A North East Collier Company
A modest-sized fleet of 42 colliers was owned and managed over an eighty year period by this Newcastle partnership. Harry Everett learned the shipping business in the offices of the Newcastle Steam Ship Co. Ltd. (J. J. & C. M. Forster), which had owned nine colliers between 1883 and 1899 including two named Newcastle, and featured three black diamonds on their funnel. He then set-up in partnership in 1899 with J. W. Witherington and purchased two old Sunderland-built colliers, Mercator and Nereus, both of which had started life in the collier fleet of James Westoll of Sunderland. Sunderland connections were strengthened in 1903 with the take-over of seven colliers of the Hill family of Sunderland, which had been in business on the coal run to London and Southampton for the previous thirty years. A new company, the John George Hill Steam Shipping Co. Ltd. was set-up to own this fleet.

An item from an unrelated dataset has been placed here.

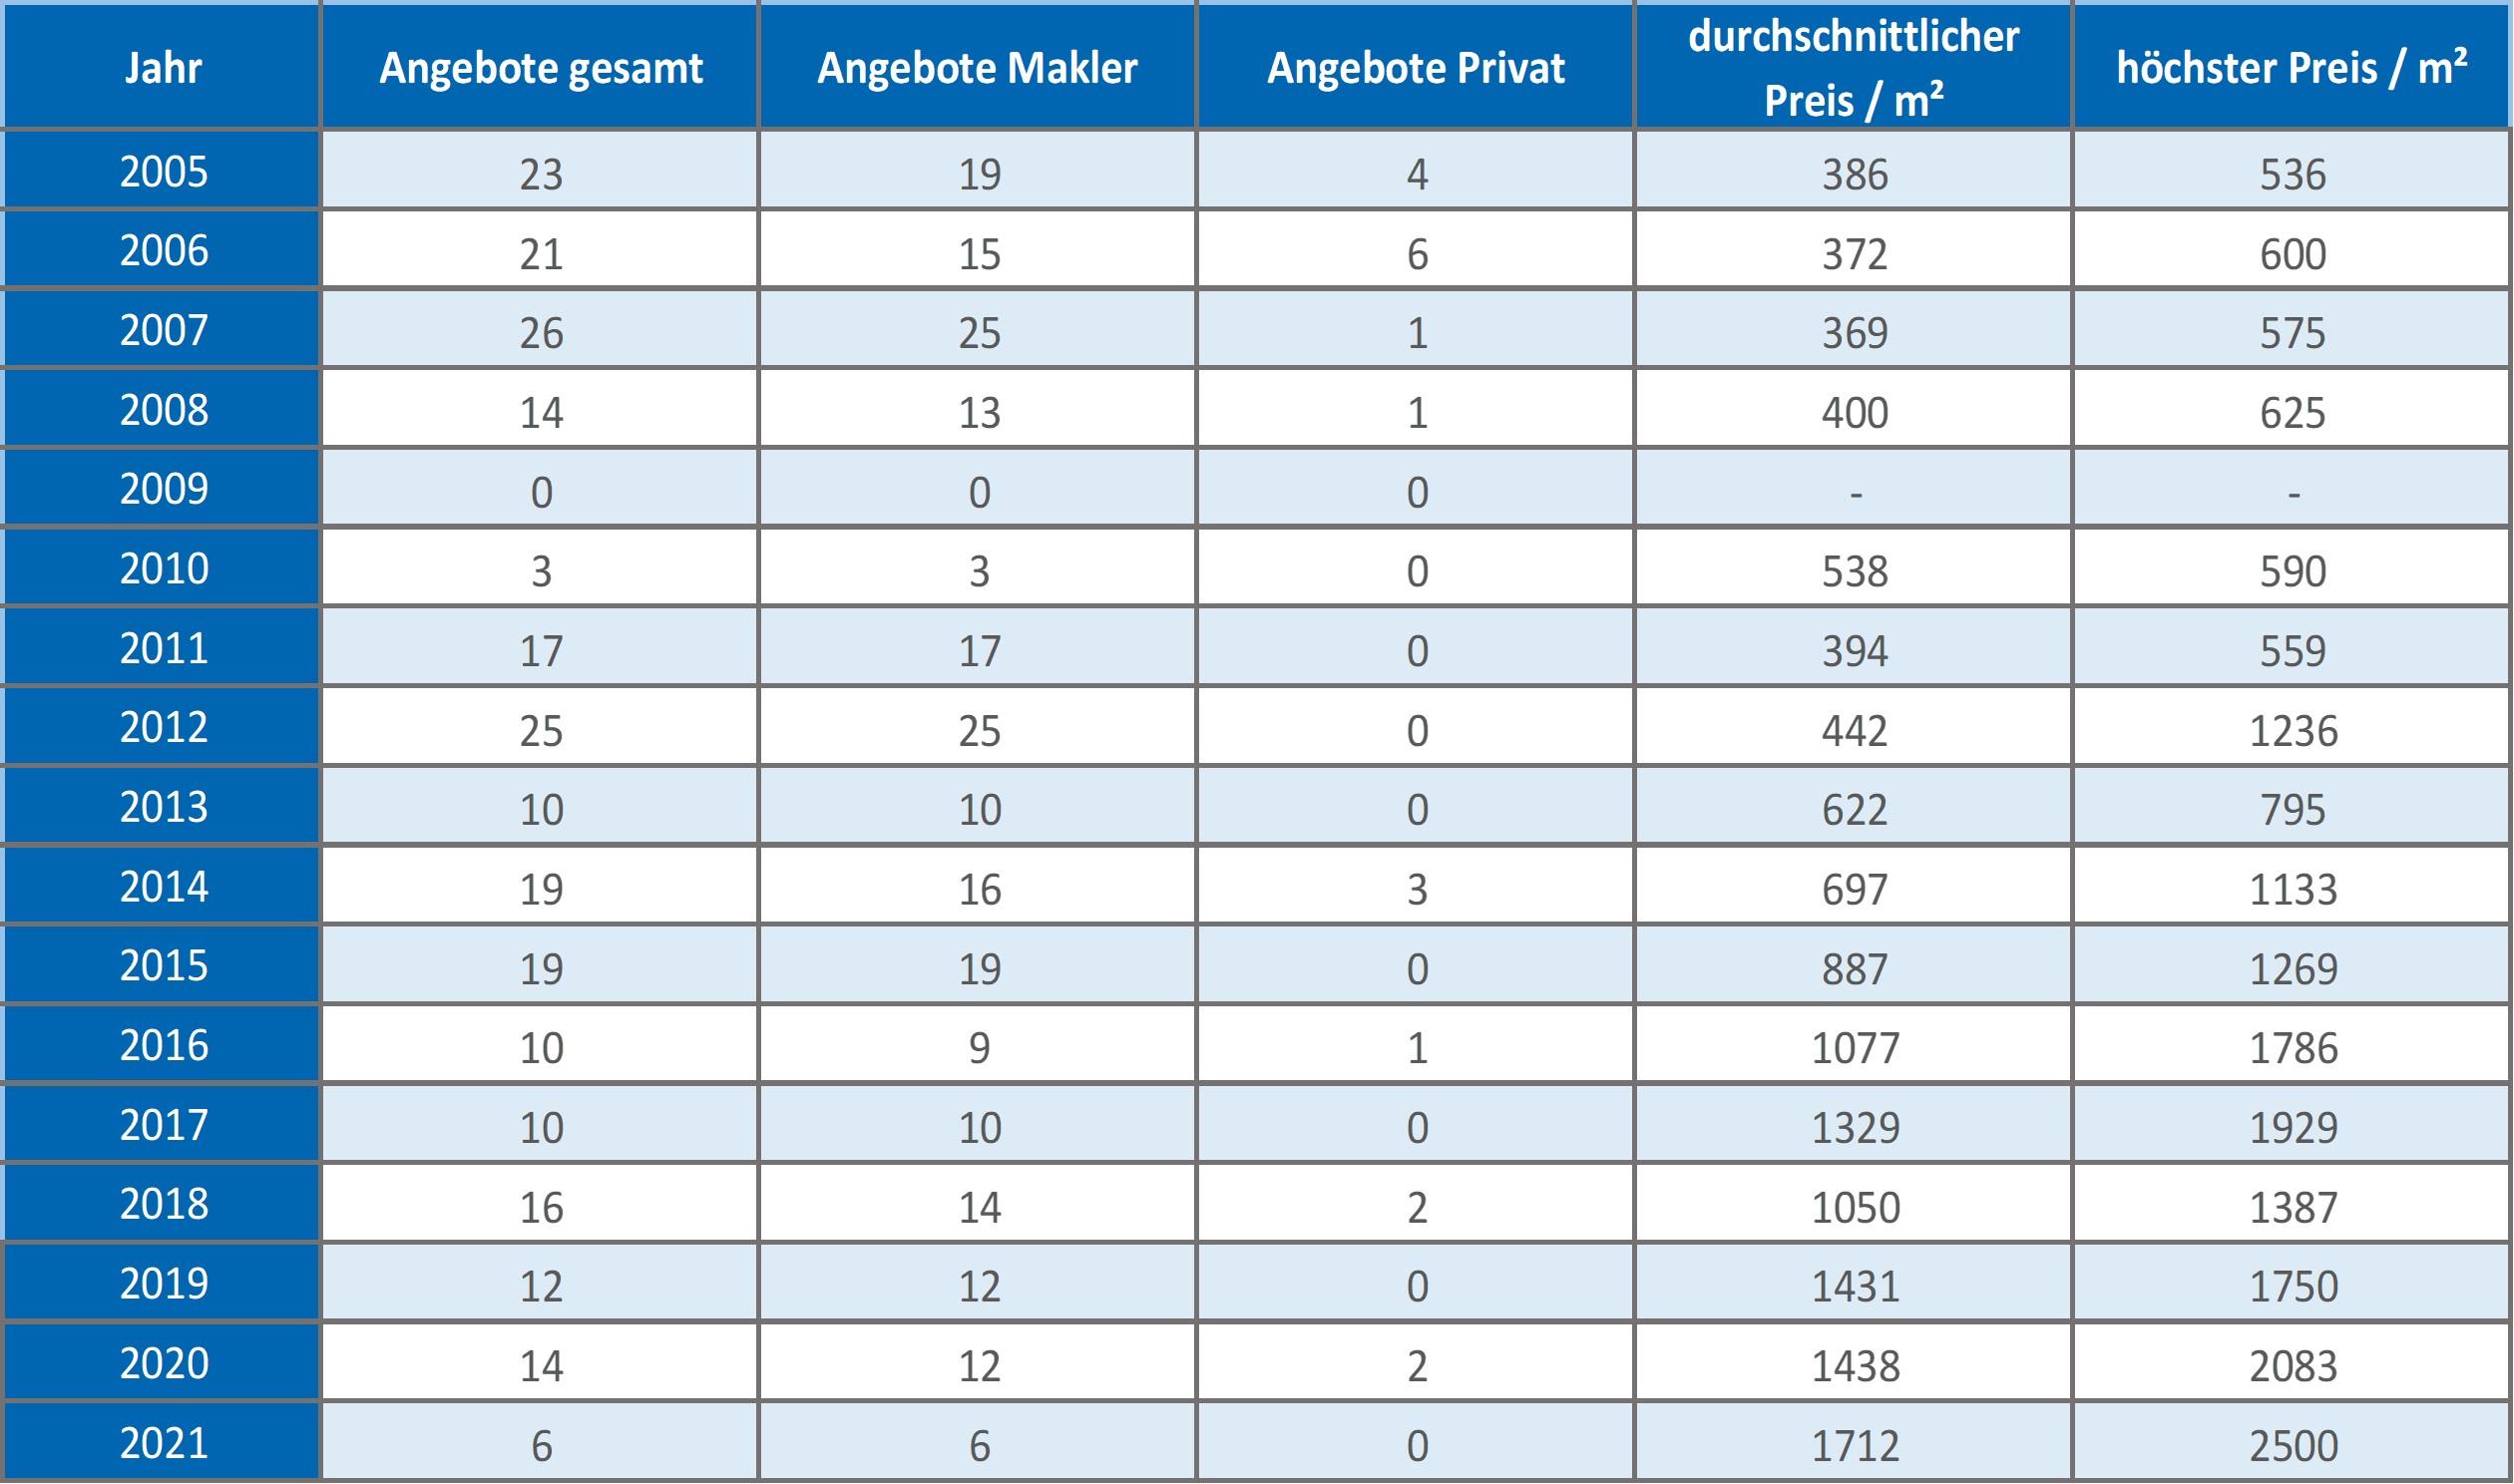 Bad Wiessee-Grundstück-kaufen-verkaufen-Makler 2019, 2020, 2021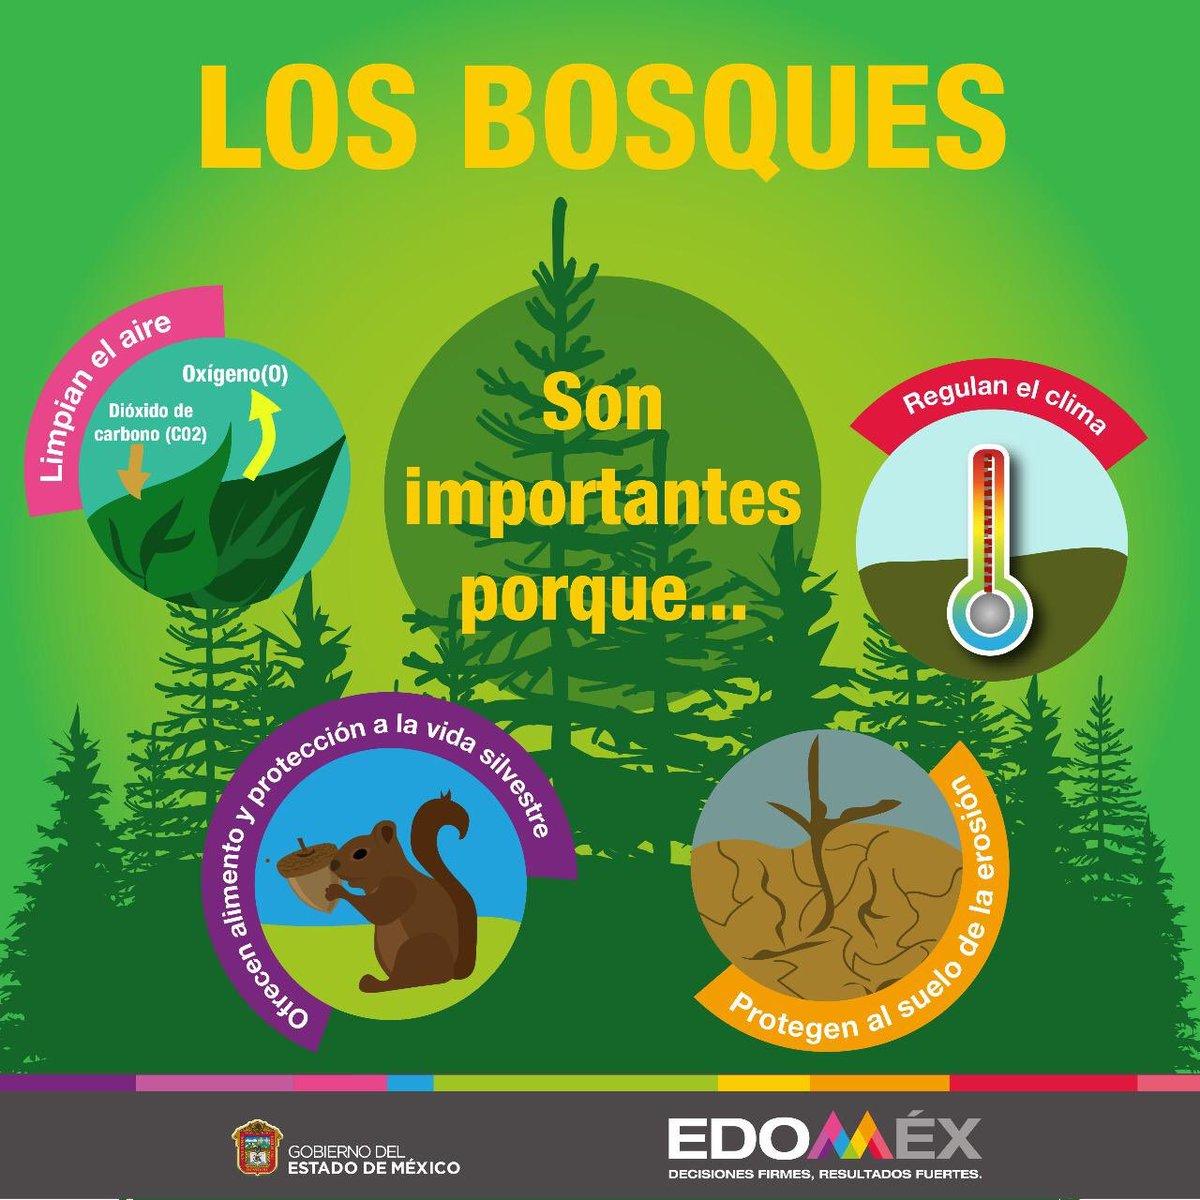 Sabes ¿Cuáles son los beneficios de los bosques?Se acerca el inicio de la temporada de reforestación, sigue las cuentas de @Probosque_ y @AmbienteEdomex para obtener más información de cómo participar con tu familia. #SinContaminaciónDelAire por un #EdoméxFuerte

Wallsend was purchased from the Burnett Steamship Co. Ltd. in 1900 and their new collier Tyne was delivered in June 1903 to give a modest-sized fleet of eleven colliers managed by the two partners. However the forty-year old Nereus was lost in November 1903 when she grounded in the Thames while on a voyage from the Tyne to London with coal. A new-building programme of thirteen new colliers entered service over the next ten years, half given the names of local rivers and half given names suggesting speed and liveliness, although they were no faster than any of their competitors at a modest loaded speed of only ten knots. The new Vectis of 1913 from the Crown yard at Sunderland continued this connection with Southampton and the Isle of Wight, the first Vectis having been wrecked at Renny Point on 5th February 1912 while on a voyage from Plymouth to Swansea in ballast. A significant proportion of company voyages were from Cardiff and South Wales ports to Le Havre and Rouen with coal.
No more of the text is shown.